Posted to dev@arrow.apache.org by Fan Liya <li...@gmail.com> on 2019/11/14 12:08:02 UTC

[Discuss][Java] Appropriate semantics for comparing values in UnionVector

Dear all,

The problem arises from the discussion in a PR:
https://github.com/apache/arrow/pull/5544#discussion_r338394941.

We are trying to come up with a proper semantics to compare values in
UnionVectors.

According to the current logic in the code base, two values from two
UnionVectors are compared in two steps:

1. Child vectors for the two UnionVectors are compared, to make sure both
vectors have the same types of child vectors.
2. If step 1 passes, we continue to compare values in the corresponding
slots in the two union vectors.

This is a legitimate equality semantics (being reflexive, symmentirc, and
transitive). However, we think it is overly strict to for equality
determination, as it compares child vectors first, and this may lead to
unexpected results.

An example related to dictionary encoding UnionVectors is given: Suppose
our dictionary is a union vector with 3 elements: {Int (0), Long(1),
Byte(2)}. This dictionary vector has 3 child vectors: an IntVector, a
BigIntVector, and a SmallIntVector.

We want to encode another union vector with 2 elements: {Int(0), Byte(2)}.
The encoded vector should be an integer vector {0, 2}.

However, since the vector to encode has only 2 children: an IntVector and a
SmallIntVector, the check for child vectors will always fail, so no value
will be considered equal to any value in the dictionary, and dictionary
encoding will always fail.

So our propsed change is: we no longer compare child vectors, and only
compare values slots for UnionVectors. That is, we compare values in 2
steps too:

1. Make sure the slots in both vectors are of the same type (e.g. both are
IntVectors).
2. Compare values stored in the slots.

This is the *problem one* we want to discuss. What do you think?

*Problem two *is proposed by Micah Kornfield.

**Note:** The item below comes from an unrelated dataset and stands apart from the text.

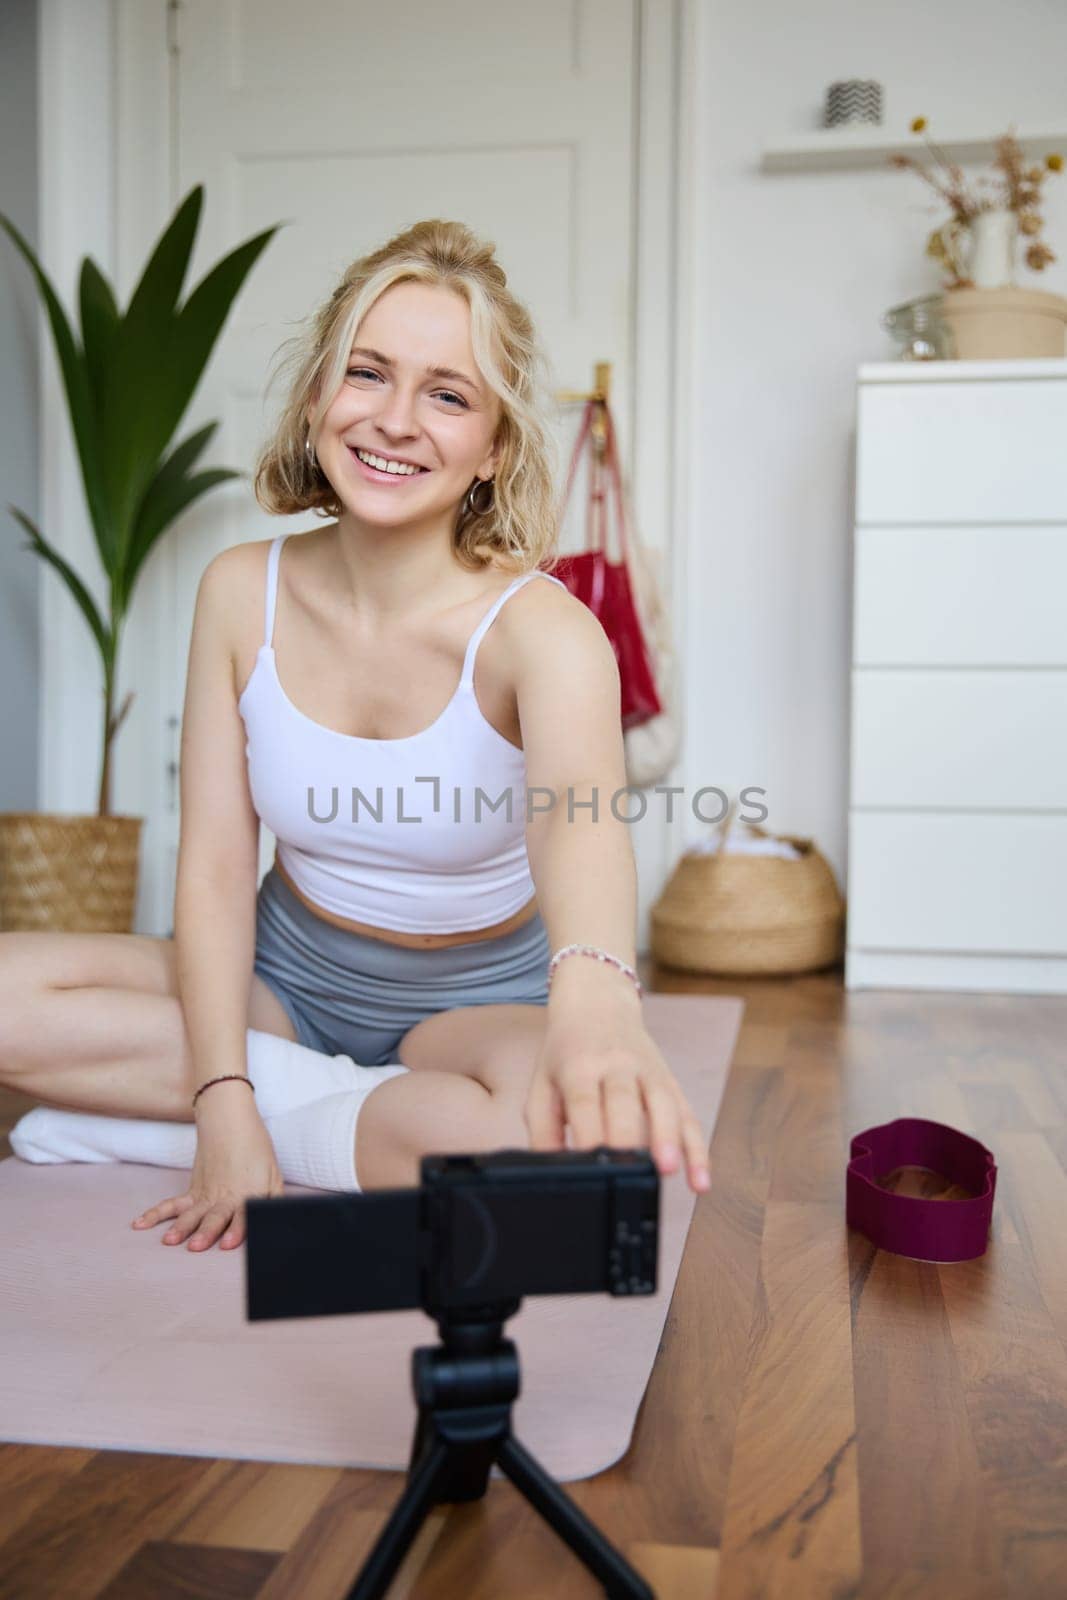 Vertical shot of athletic, fitness woman recording video of herself on digital camera, creating content for social media about workout and home exercises.

Should we consider any of the
following semantics for comparing UnionVectors?

1. Is it OK for unions to compare against any other vector? (for example,
if the value slot of a  union vector has type IntVector, is it valid to
compare it with a real IntVector?)
2. Can we compare a dense union vector against a sparse union vector?
3. Is it only ok to compare unions that have the exact same metadata.

Please give your valuable feedback. Thank you in advance.

Best,
Liya Fan